Tuesday, February 23, 2010

My pondering about what really matters in life, brought to you by Ambien

As I sit and ponder about the most important things the world is facing, many things come to mind:

  • will I ever have cute ankles again?

  • will the new horizontal stretch marks appearing on my belly give me a large canvas to play tic tac toe while I have some down time during labor?

  • once I'm done having kids, will the plastic surgeon be able to reconstruct my humpty dumpty body all together again?

  • if I got a nose ring, wouldn't that just be the coolest thing ever? come on, everybody's doing it, which means it's a total must!

and the most important question of all...

  1. who was in charge of helping the top 12 girls from American Idol pick out their wardrobe?

  2. and...what was Kara smoking?

Eric and I have our favorite weekly shows, but American Idol has been hit or miss the past couple of seasons. Neither one of us could stand Adam Lambert, so we stopped watching that season the further along he got.

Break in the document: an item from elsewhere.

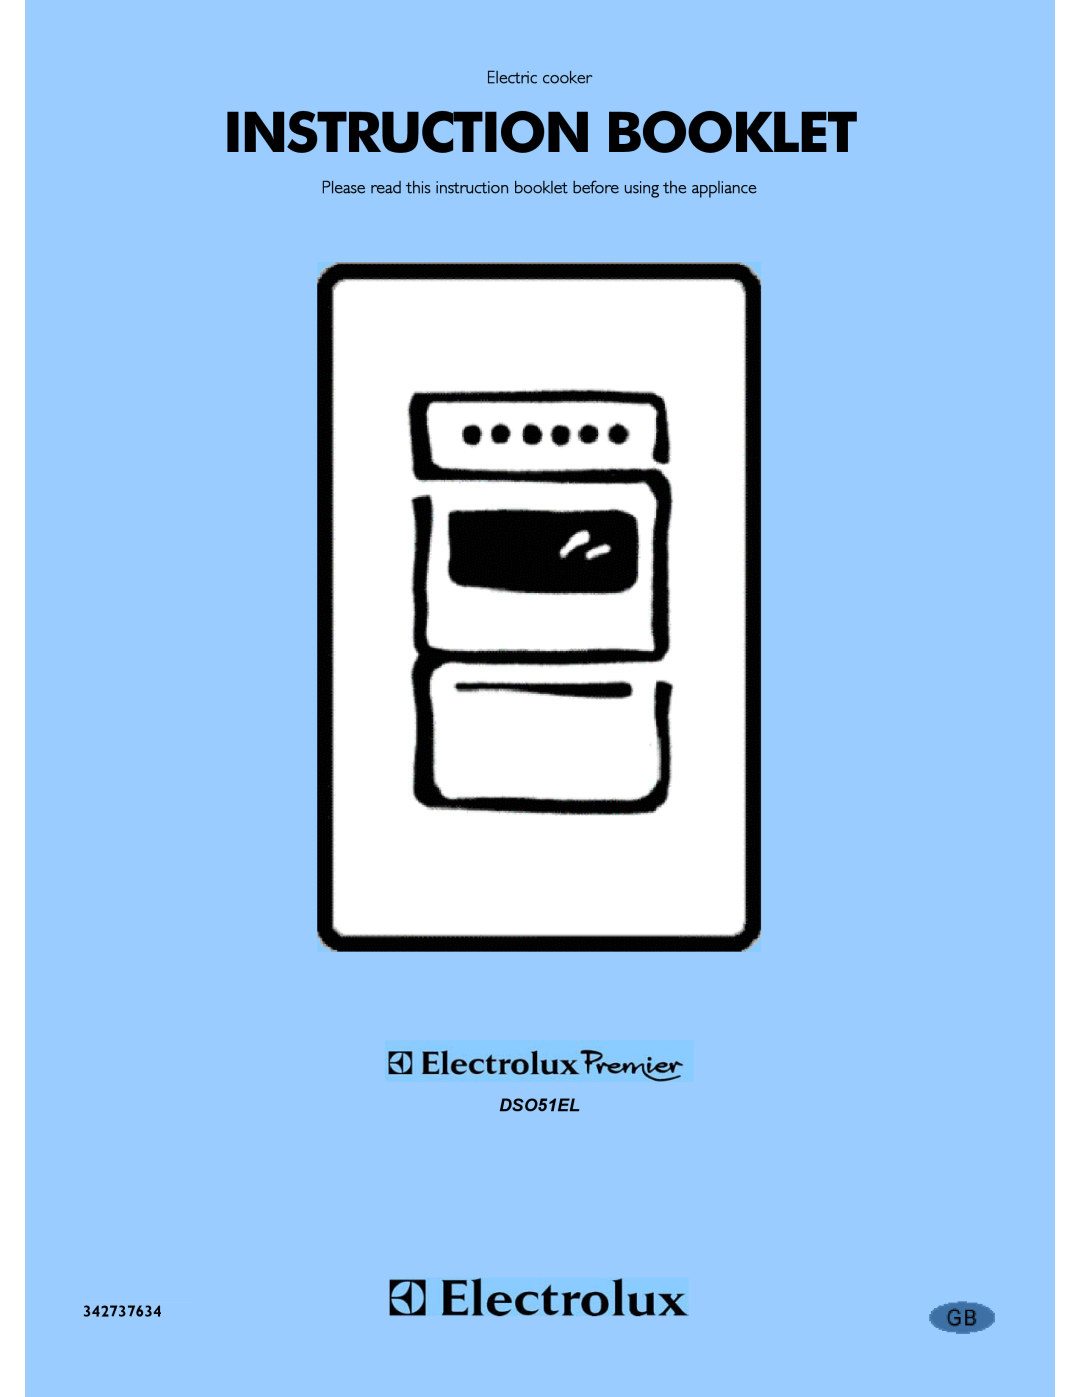 Electrolux DSO51EL manual Instruction Booklet, Electric cooker, 342737634 
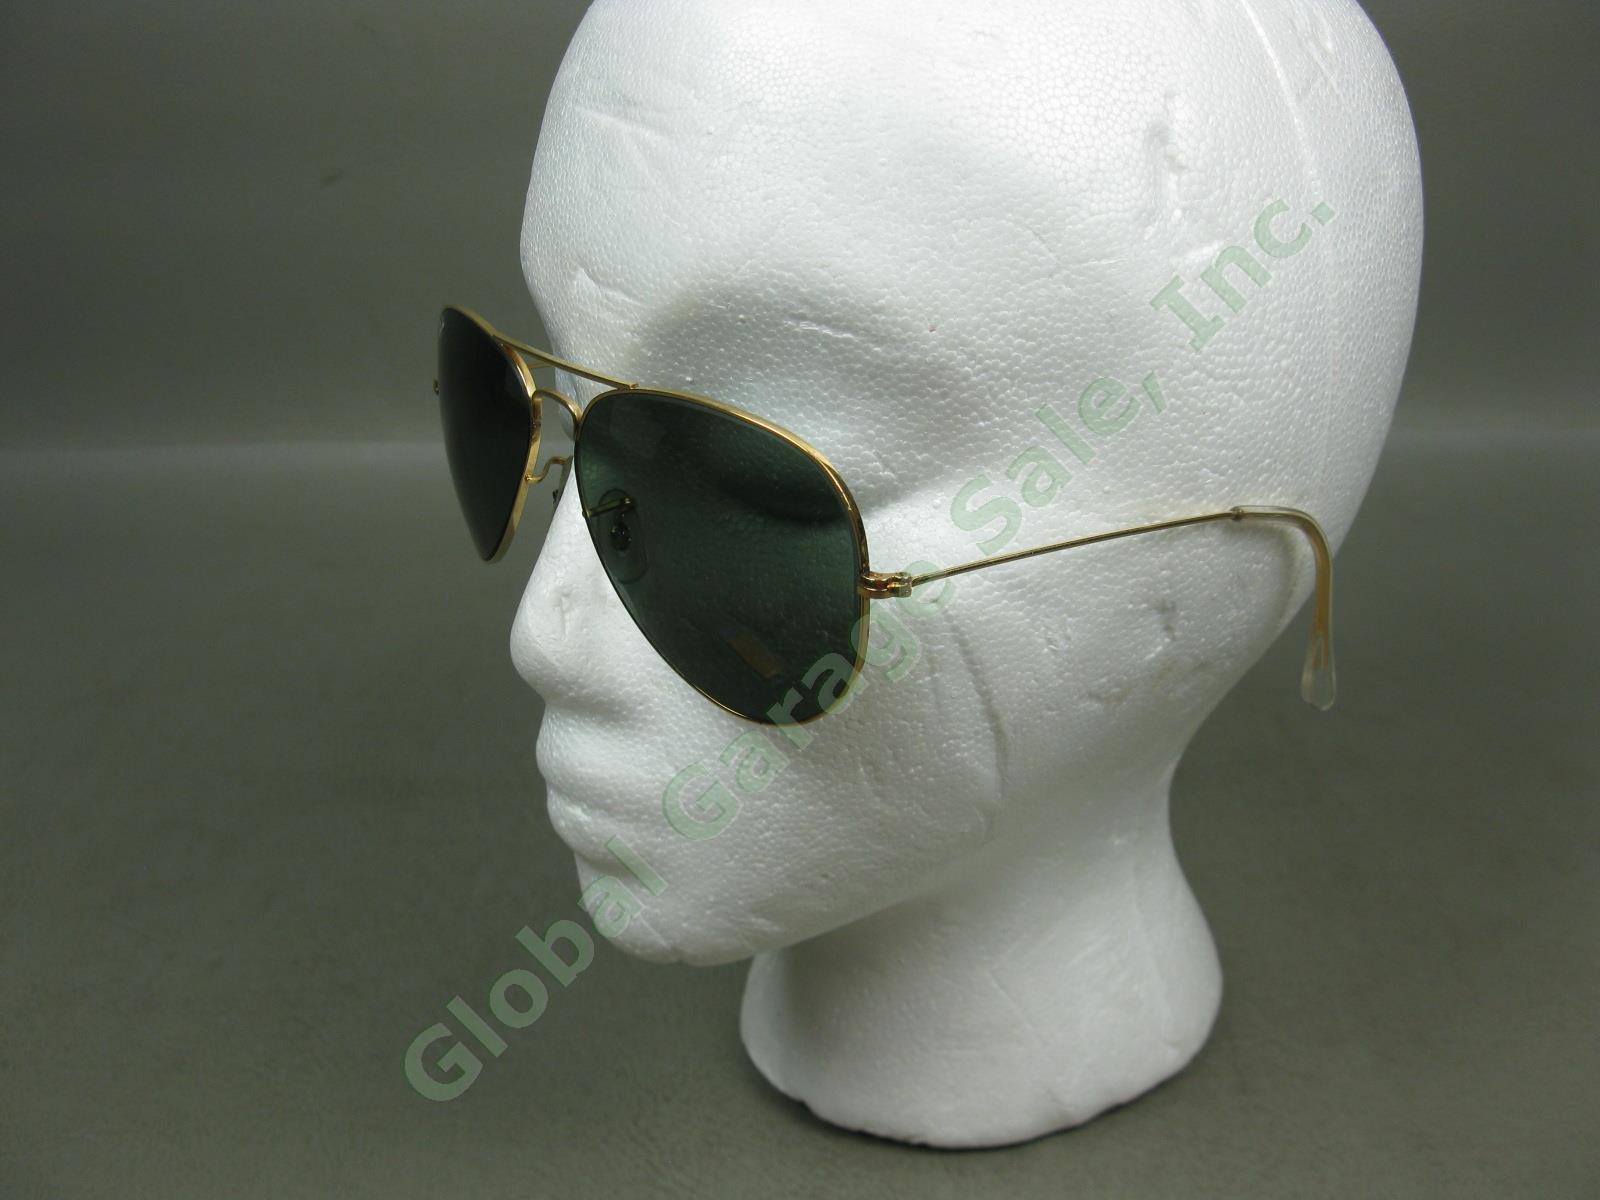 B&L Ray Ban 58 14 Green Lens Gold Aviator Outdoorsman Sunglasses +Belt-Loop Case 2

This season we saw a lot of promise in the initial cities, but there were also a lot of people getting golden tickets that needed to keep their day jobs. And by having Katy Perry as a guest judge, has made me stop listening to her music all together...she is a hateful heifer in my book!
Anyways, back to the wardrobe choices...it's like it was a game to see who could look the most ridiculous! The first girl had to be sewn into her outfit which was a black lace shorty jumper with a horrendous belt. Then there was another girl that looked like she put on granny's nighty, but wore it over one shoulder to show her massive style, and polished it of with...I bet you can't guess...a hideous belt! Another girl wore 'jeans' that looked like they were about 5% cotton, and 95% Lycra. DiDi, who I actually really like, was wearing was looked like grandmas rug from under the coffee table...but it worked with the vibe of the song.
Simon says this is the season for the girls, but I was utterly unimpressed. I normally don't babble on about things like this but if Ellen somehow has the credentials to judge a singing competition b/c she "appreciates music," then I feel I have every right to make my opinions known (to the 5-10 people that read my blog) because I have a deep appreciation for music and class.

At least when Paula was there, you were glued to the screen to find out what crazy move or swarm of words she would expel...or, there was always the hope for a true flat faced knock out onto the judging table. Kara is getting more hateful every season, and I have NO clue what she was talking about in relations to the "pitch" problems for two of the singers...maybe it's where they are sitting during the performance, or how it's relayed into the TV...we just aren't connecting this season.

I think might be time to just stick with Survivor this season, it's Heroes vs Villains, and so far it has been VERY entertaining.

Now, I'm feeling very tired and having problems concentrating on the words on the screen, so it's time for me to go pass out.

Mary, OUT!


Kristina P. said...

Ooooh, horizontal stretchmarks! I do have a road map on my stomach, but I don't think I have horizontal ones!

Mary said...

I guess my belly has stretched to mass capacity width wise, so now it's spreading horizontally to allow for the growing boys. I just wish stretch marks and cellulite were considered sexy in at least one culture!

Michelle said...

I haven't even started to watch AI this season. After last season, I don't know if I will. And I most definitely won't be watching next year after Simon leaves. I think it's time for the whole show to end.


I have pondered most of those questions myself. I too have a road map on my stomach. I am not an Idol fan...although I did have to wait to get my order at McDonalds in Chelsea, AL..because all the girls working there were trying to see Rueben Stoddard in the drive through line...its tough being an average joe. :-)

Mrs. Jacqueline said...

I vote you go for the nosering :D All my piercings make me happy because they're glittery! Yay glitter! And don't worry about the stretch marks honey, because only your hubby is going to see them and I guarantee you he doesn't care. So neither should you :D Think of them as your Warrior Momma Stripes, you've earned them!

Mary said...

The nose ring comment was another poke at AI...one of the contestants was rewarded by her mother by getting her nose pierced b/c she made the top 12.
Although, I did consider it when I was in High School...just like everyone else :o)

Don and Jacqueline said...
This comment has been removed by the author.
Mrs. Jacqueline said...

Well, I guess your humor is wasted on me this week! LOL!!!

Grandma Arnold said...

I was most unimpressed with AI as I watched part of the show (recorded earlier) with the girls. The get-ups (outfits) were classless, as were hairstyles, not to mention some of the performances. How about the wrinkled booty; I assume this is the reference to 5% cotton? Those pants made her booty look hideous.

I am amazed that Ellen Degeneres feels, or anyone feels, she is competent to judge this competition. Her facial expression (noted only one) and her comments were clueless. Just some random thoughts from Mom.

Vic and Al said...

You are funny! Just thinking about you. You are almost there! Miss you guys!

Missy said...

LOL! You are funny! You should try the Housewives!

Jen said...

I just finished "watching" AI. And by watching, I mean sleeping on the couch and pretending to pay attention. I think I heard a bit of each song.